The United States this week came under increasing criticism over its treatment of al-Qaida and Taliban suspects from several quarters, including human rights organisations and, perhaps more importantly, from its closest allies in the coalition against terrorism. British disquiet - expressed with characteristic understatement - comes mainly after officially sanctioned photographs taken in Camp X-Ray, the detention centre at the US base at Guantanamo Bay, Cuba, showed the humiliating treatment of the prisoners, manacled hand and foot and kneeling before their guards.

But the more profound concern from many is regarding the basis of the detentions themselves: the US refuses to accept the Geneva Conventions apply to these prisoners and Guantanamo Bay is not US territory, denying them protection under the US constitution. The US has reacted indignantly to the criticism, insisting it is complying with international law and pointing out that it is extending the prisoners better treatment than could have been expected for Americans in Taliban or al-Qaida hands. But relativism is no defence here, for - as many point out - the Taliban or al-Qaida can hardly be a yardstick for the 'civilised world.' 


Yet American outrage is understandable. The pitiless massacres of thousands of people, overwhelmingly civilians, on September 11 must, the US argues, be borne in mind and concern for the comfort of those who endorsed, perhaps assisted and arguably applauded the attacks in New York and Washington is misplaced. The most striking matter, however, is the charge of hypocrisy. The US has proclaimed civil liberties and human rights to be central to its vision of the ideal political system: liberal democracy. Yet both have been readily ignored in Washington's justified campaign to root out and destroy its implacable enemies - something the US has deemed unacceptable when perpetrated by other state and non-state actors - usually when it involves those whose political beliefs America does not share.

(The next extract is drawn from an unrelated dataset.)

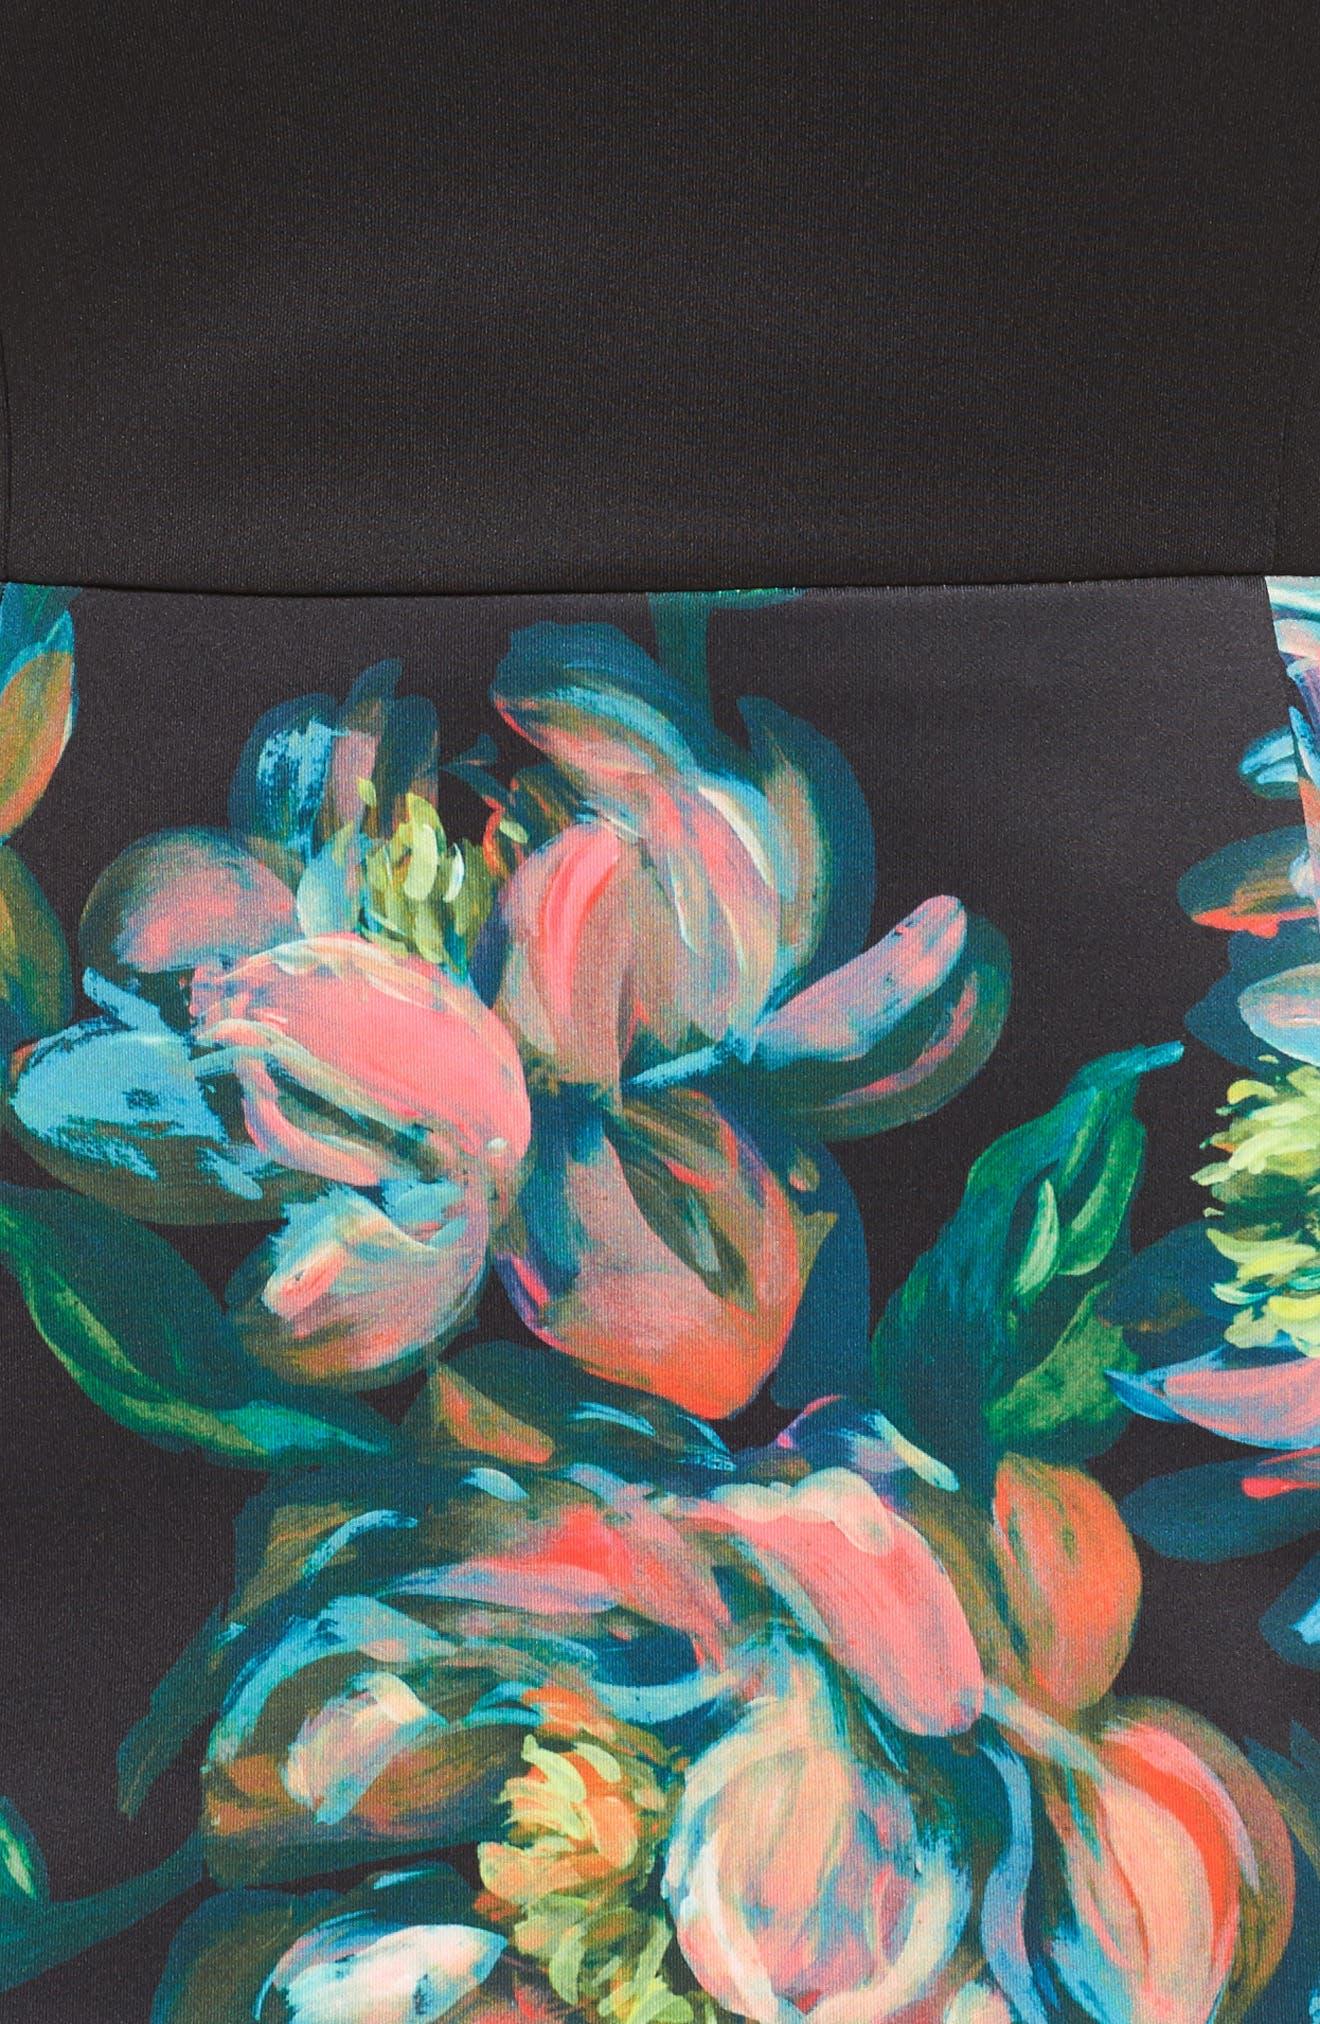 Floral Print Sheath Dress,                             Alternate thumbnail 5, color,

Many of the world's liberation struggles, including the Tamil freedom struggle, have been condemned and blacklisted on the basis that, justness of cause notwithstanding, some of the tactics employed by the oppressed run contrary to these ideals. Ironically, the US is falling back on the same defences of relativism and just cause often proffered by those it has criticised.

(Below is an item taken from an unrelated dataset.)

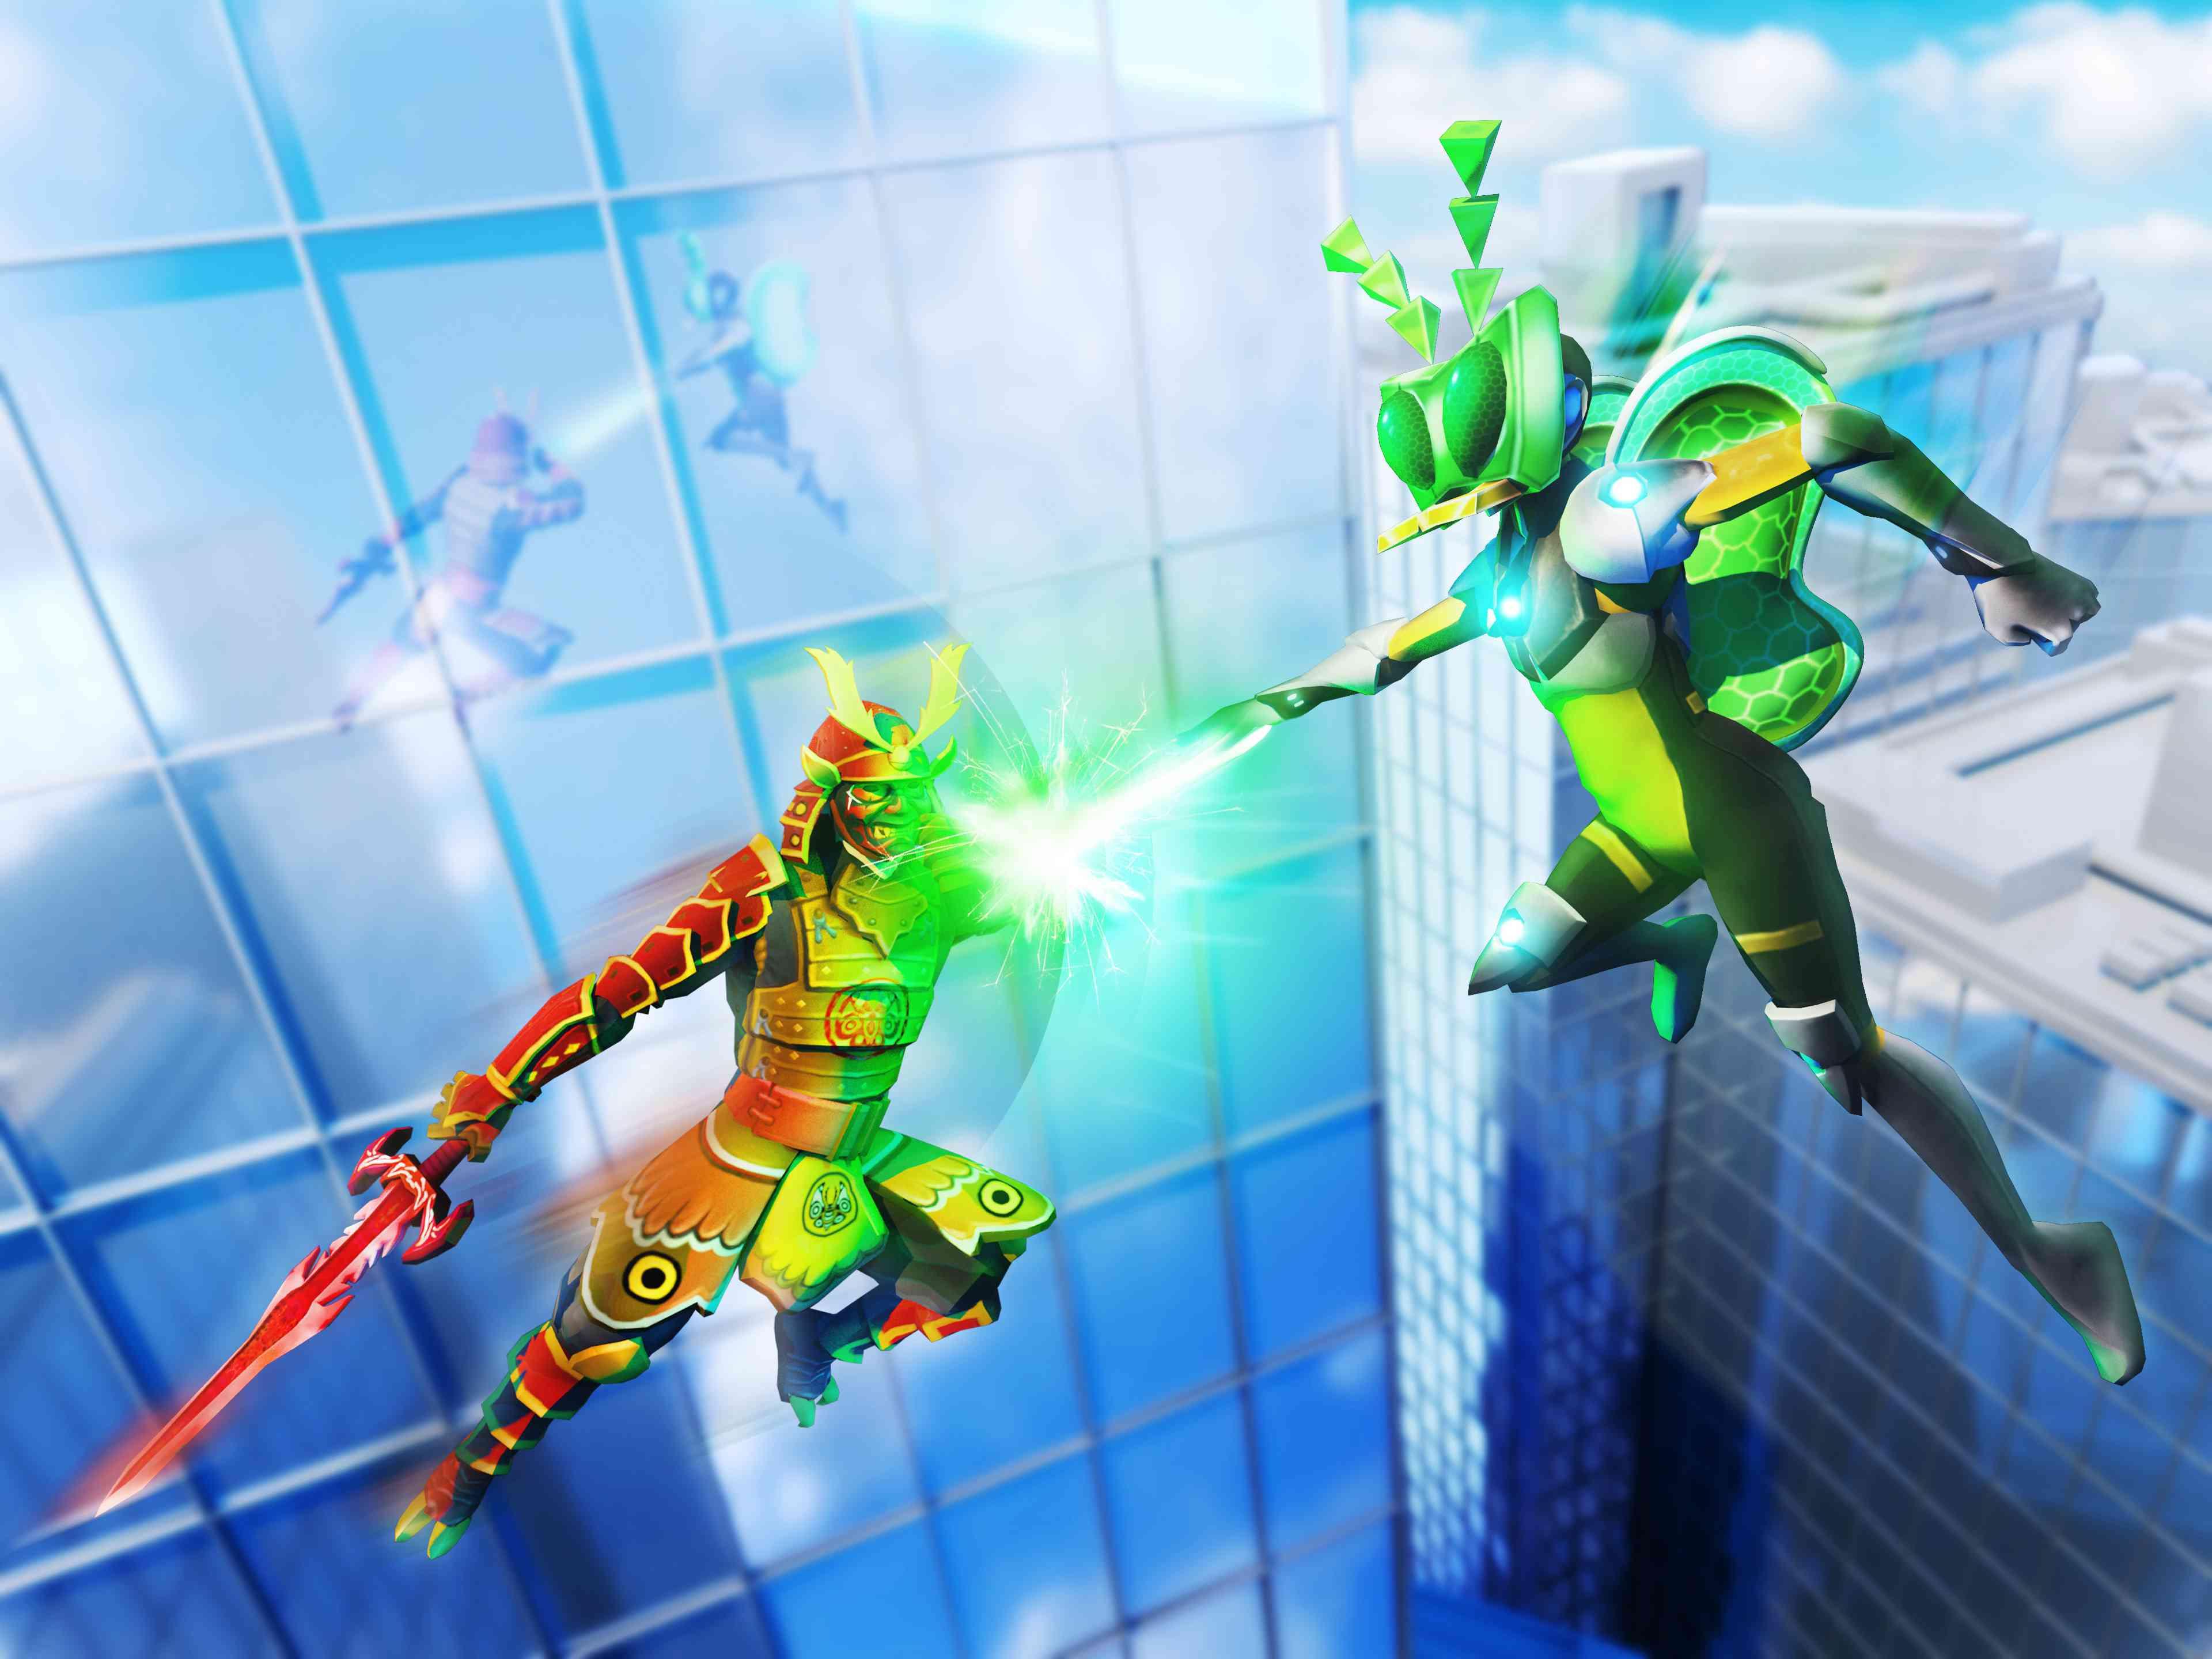 Roblox screenshot of two superheroes battling in the sky

America has envisioned a global international order based on democracy, human rights and international law. It wanted to act as a beacon for the rest of mankind, believing it has a messianic role in this regard. But if the US considers its society and governance to be the utopian model for the world to emulate, its international conduct should be a perfection in democracy. America's conduct should not be - as Judge Richard Goldstone, a former war crimes prosecutor, protested - "a shocking example to set others."